Monday, March 17, 2008

Send alternate lines to separate files - AWK


I already explained about subdividing a file in my previous post http://unstableme.blogspot.com/2008/01/subdividing-file-bash-newbie.html

Here are some more and useful one.

$ cat file1
one
two
three
four
five
six
seven

Purpose1:

Send alternate lines to 2 different files. i.e. 1st,3rd,5th,7th line should go to newfile1 and 2nd,4th,6th line should go to newfile2. i.e odd lines to newfile1 and even lines to newfile2


$ awk 'NR%2 {print > "newfile1"}' file1

or

$ sed -n 'p;n' file1 > newfile1


$ cat newfile1
one
three
five
seven

$ awk '(NR+1)%2 {print > "newfile2"}' file1

or

$ sed -n 'n;p' file1 > newfile2


$ cat newfile2
two
four
six

Purpose2:

Send every consecutive 3 lines into separate files myfile_1,myfile_2..
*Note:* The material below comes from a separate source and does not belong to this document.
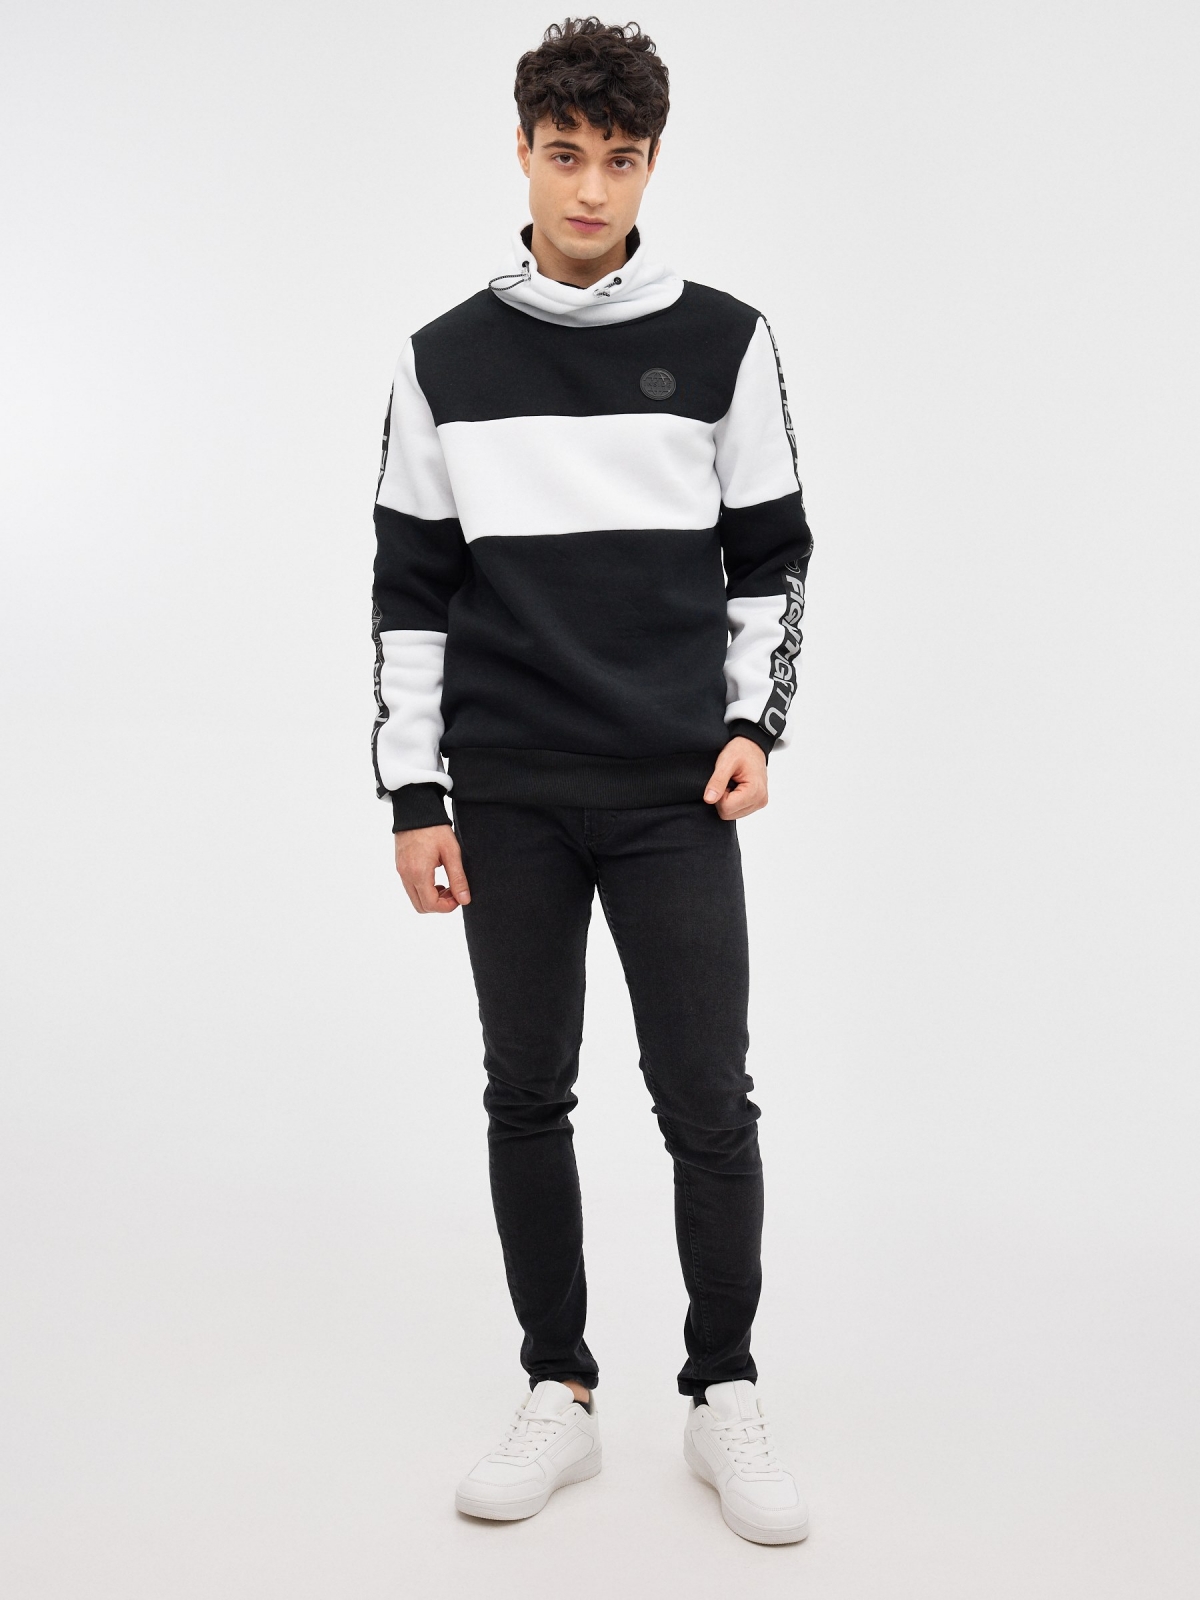 Sweatshirt with wrap-around collar black front view

$ awk '{print >("myfile_" int((NR+2)/3))}' file1

$ cat myfile_1
one
two
three

$ cat myfile_2
four
five
six

$ cat myfile_3
seven

Purpose3:

Send every consecutive 2 lines into separate files myfile_1,myfile_2..

$ awk '{print >("myfile_" int((NR+1)/2))}' file1

8 comments:

Kristian said...

Thanks, that's helpful! What if I only wanted every 4 lines of a file? (And I didn't want to run this twice.)

Unknown said...

@Kristian, do you mean every 4 lines to a sub file ?

If yes,

awk '{print >("myfile_" int((NR+3)/4))}' file.txt

Unknown said...

Hey man,
How it's possible to send the lines to two files based on a parameter in one column?
e.g. If the parameter in the 4th column was 0 send to file1, otherwise, send to file2.

tnx

Unknown said...

@Aman Zare: Thanks for the query.

I think this will help you

http://unstableme.blogspot.in/2009/09/split-file-using-awk-few-examples.html

Please let me know if you find any difficulty here. Thanks.

Unknown said...

Thanks for your reply!
It doesn't work for me...
when I try to apply it for 4th column it prints exactly the same input as output. When I apply it for first column it gives as many as the lines in input file, without no categorization.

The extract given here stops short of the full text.